There are scenarios that can cause doubts for those who contribute freely and openly to projects like Wikimedia or who release their own work under free licenses. These are what I call “wait, no. Not like that” moments.

What happens when a Wikipedian is shocked to discover that their carefully researched article was packaged into an ebook and sold on Amazon at someone else’s expense? No, not like that.

What happens when a developer of open-source software sees a tech company worth billions of dollars relying on their work, without giving anything back? No, not at all.

What happens when a nature photographer finds out that their freely licensed wildlife photograph was used in a NFT collection created on an environmentally destructive Blockchain? Wait, no. Not like that.

Or, perhaps, the most recent instance, when someone who publishes a work under a license that is free discovers that their work has been used to train large language models with extractive and exploitative intent by tech giants? No, not like that.

The reactions are understandable. We freely license our works to serve these goals: open and free access to education and knowledge. When companies that make trillions of dollars exploit this openness and give nothing back, or if our work is used in a harmful or exploitative way, it can seem like we were naive. The natural reaction is to try and regain control.

Many creators today find themselves in this situation, especially as a result of AI training. But the solutions that they are reaching for — more restricted licenses, paywalls or not publishing at any cost — risk destroying what they set out to create.

citation needed an independent publication, completely supported by readers like yourself. Consider signing up for an annual subscription. It will help me continue to do this work.

Often, the first impulse is to tighten licensing, perhaps by switching to Creative Commons’ (and therefore, non-free,) non-commercial license . Artists looked to Creative Commons when NFTs were popular in the early 2020s. They hoped that they would declare NFTs fundamentally uncompatible with their free licensing (they didn’t1). It happened again when generative AI companies began training models using CC-licensed work. Some were disappointed that the group took the stance that CC licenses do not prohibit AI training in its entirety, and that AI training should not be considered a copyright infringement by default. The creators who want this would be better served with a traditional model with all rights reserved, where any potential reusers must negotiate terms individually with them. But that undermines the idea of free and only allows reuse to those who have the time, money, and bargaining strength to negotiate. We know that major AI firms have been training their models to use all rights reserved works as part of their ongoing effort to ingest as many data points as possible. It’s best that this training was allowed by US courts as fair use. Some artists have decided that it is not worth it to maintain an online portfolio of their work if it makes it easy for AI training. Many have implemented content gates that restrict access — paywalls or registration walls, “are you human” walls, etc. — to try and fend off scrapers. This also closes the commons by making it more difficult or expensive for the “every single person” described in open-access manifestos to gain access to the material that was intended to be a common good.

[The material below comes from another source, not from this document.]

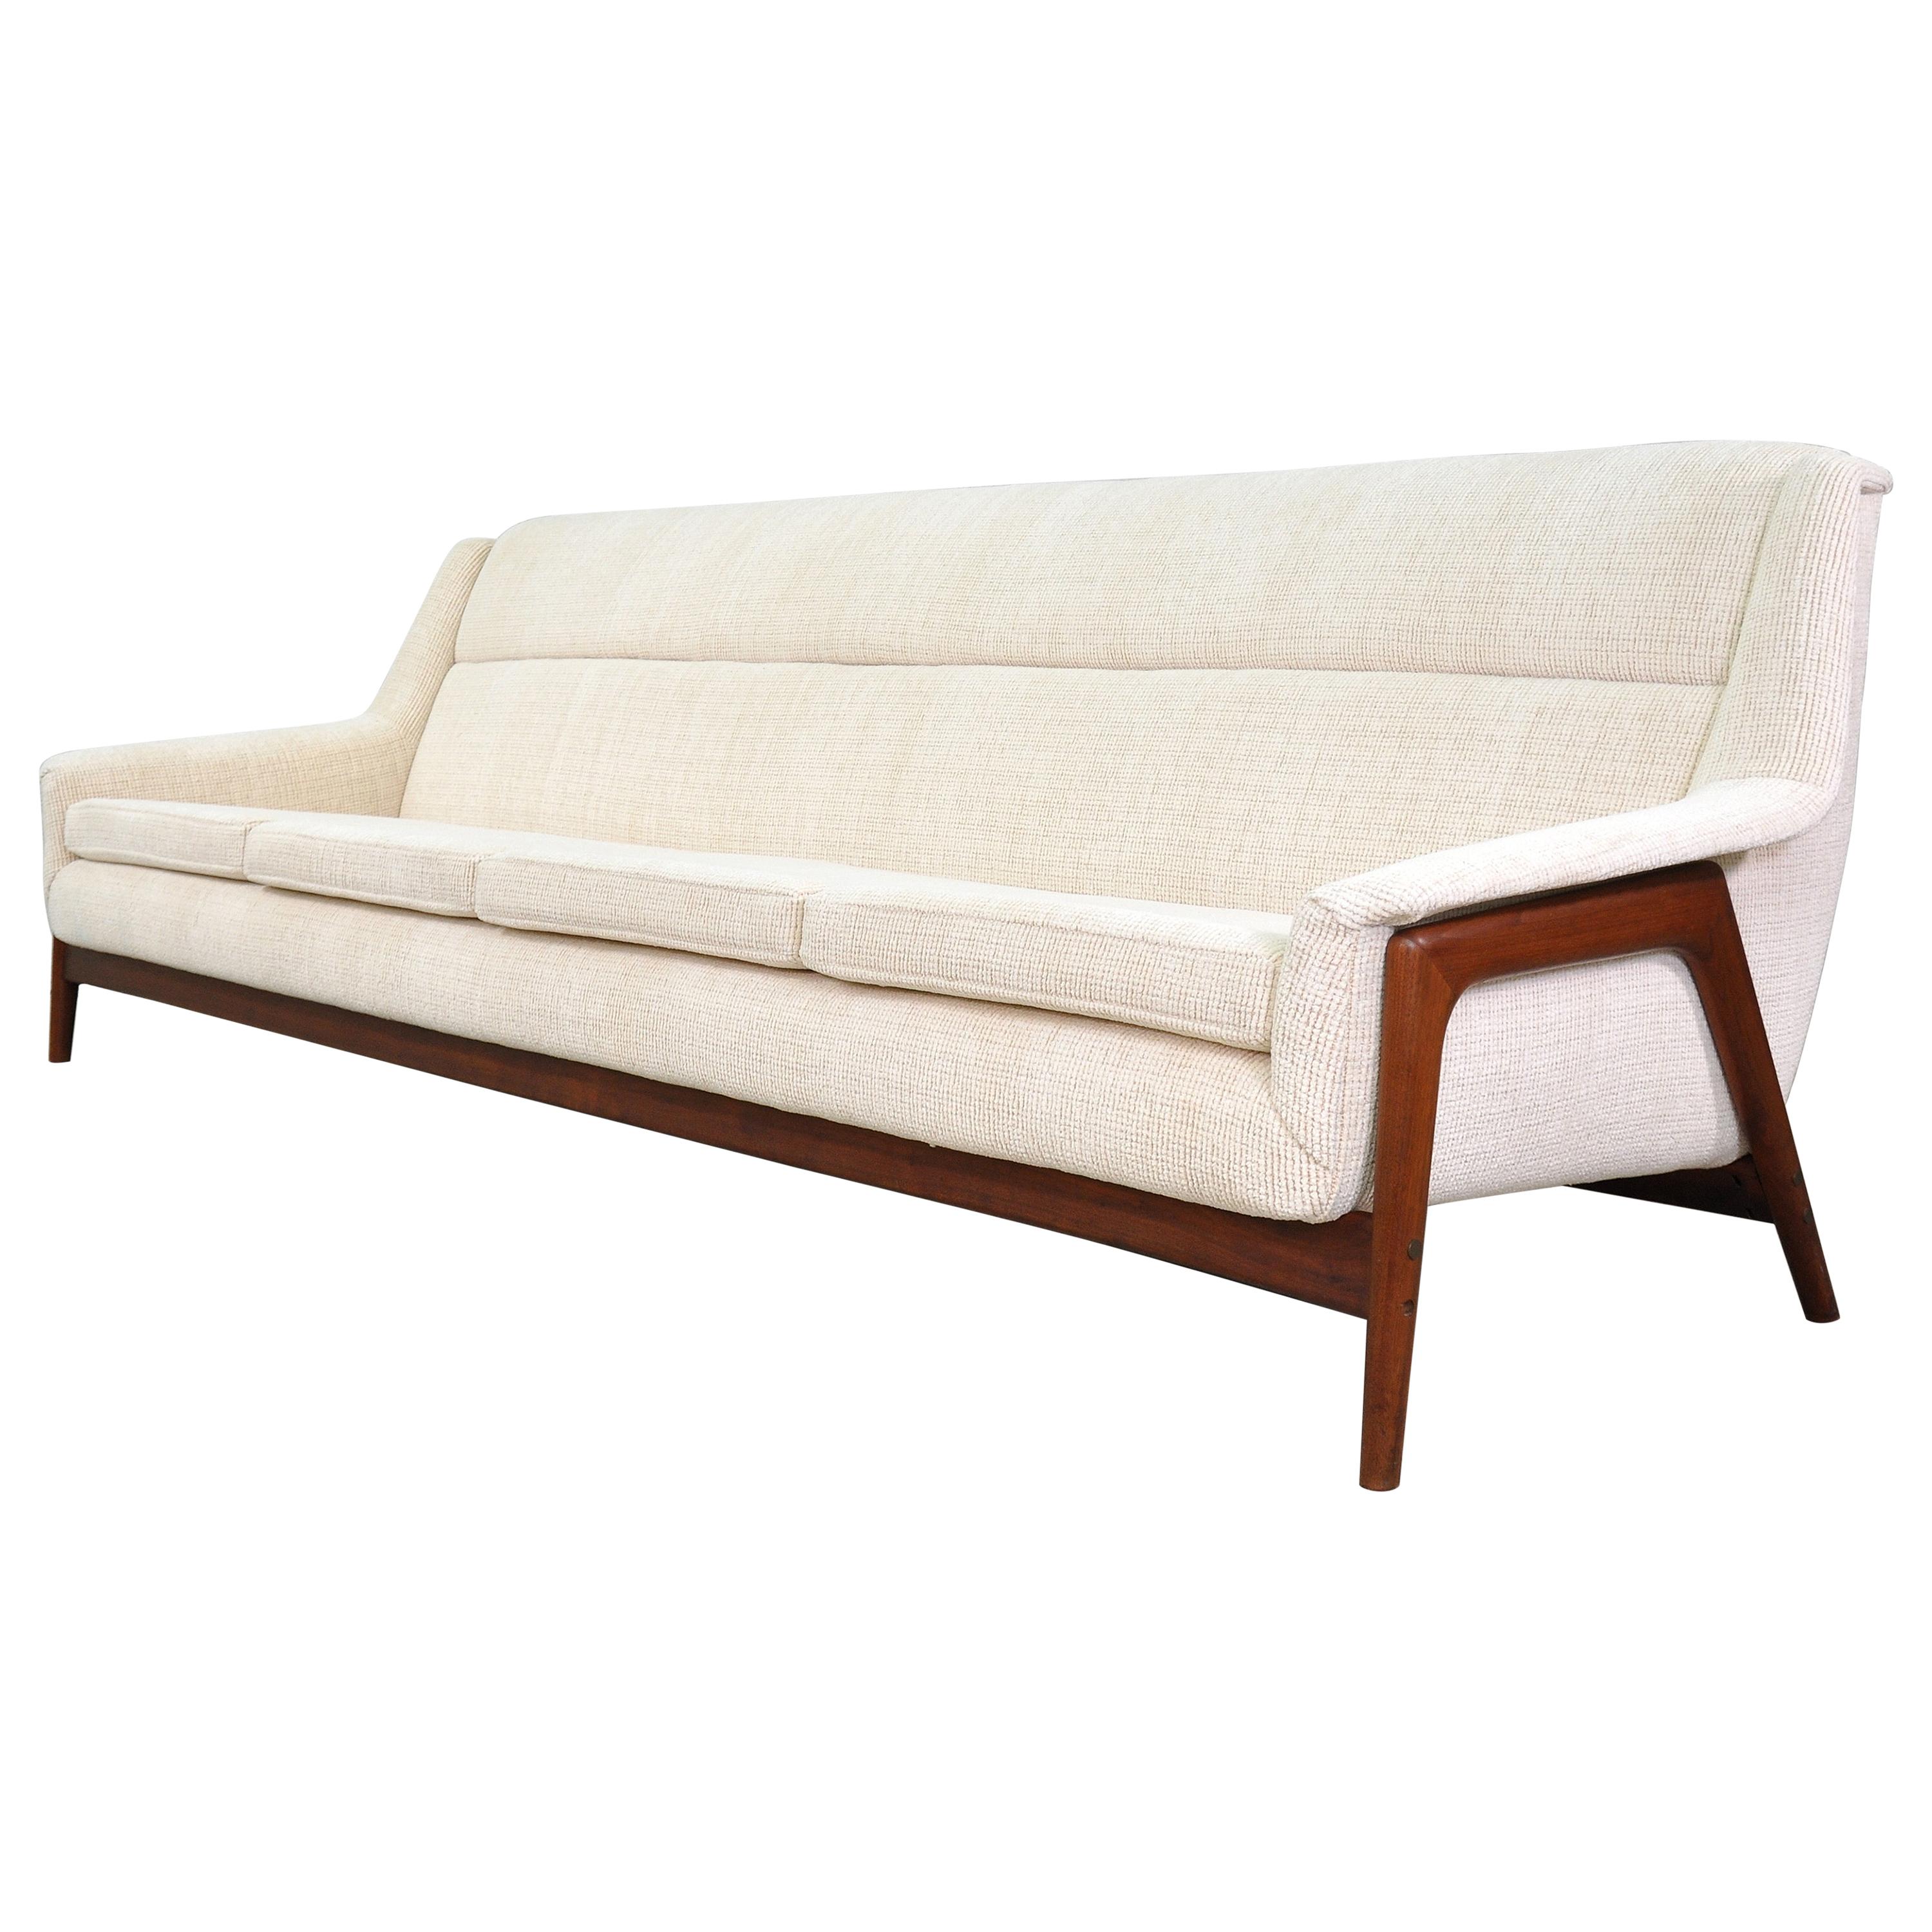 Beautiful and rarely found midcentury Scandinavian Modern four-seat couch designed in the 1960s by Folke Ohlsson for DUX. The Profil sofa feature an exposed sculptural solid teak frame. The piece has been fully reupholstered in a soft, neutral

By trying to exclude those deemed to be bad actors, many people actually exclude the very people to whom they intended to grant access. People who put their work behind paywalls probably didn’t intend to create works only the wealthy would be able to access. People who implement registration barriers probably didn’t mean for their work to be only available to those who are willing to endure the risk of constant email spam after giving their personal information. People who use CAPTCHAs to stave off robots, asking “are you human?” didn’t intend to limit their content to only those who could answer the annoying riddles.

If we want to create an equitable world where everyone can benefit from the sum of knowledge and education, culture, science, and technology, we shouldn’t be trying to build these walls. Does it matter if a child learns that carbon dioxide traps heat on Earth’s surface or how to calculate compound interests thanks to the work of an editor on a Wikipedia page? Or if they find out via ChatGPT, Siri or by opening a browser to Wikipedia.org?

I think that instead of worrying about “wait not like that”we should reframe the discussion to “wait not just ” or “wait not in ways that would threaten open access”. AI models that are trained on open access material do not pose a threat to the ability of people to access knowledge through new modalities. These models could stifle Wikipedia, and other free knowledge repositories. They would benefit from the money, labor, and care put into their support, while also robbing them of their resources. It’s the fact that trillion-dollar companies will become the sole arbiters for access to knowledge, after absorbing the painstaking efforts of those who made the knowledge available to all. They will also kill those projects.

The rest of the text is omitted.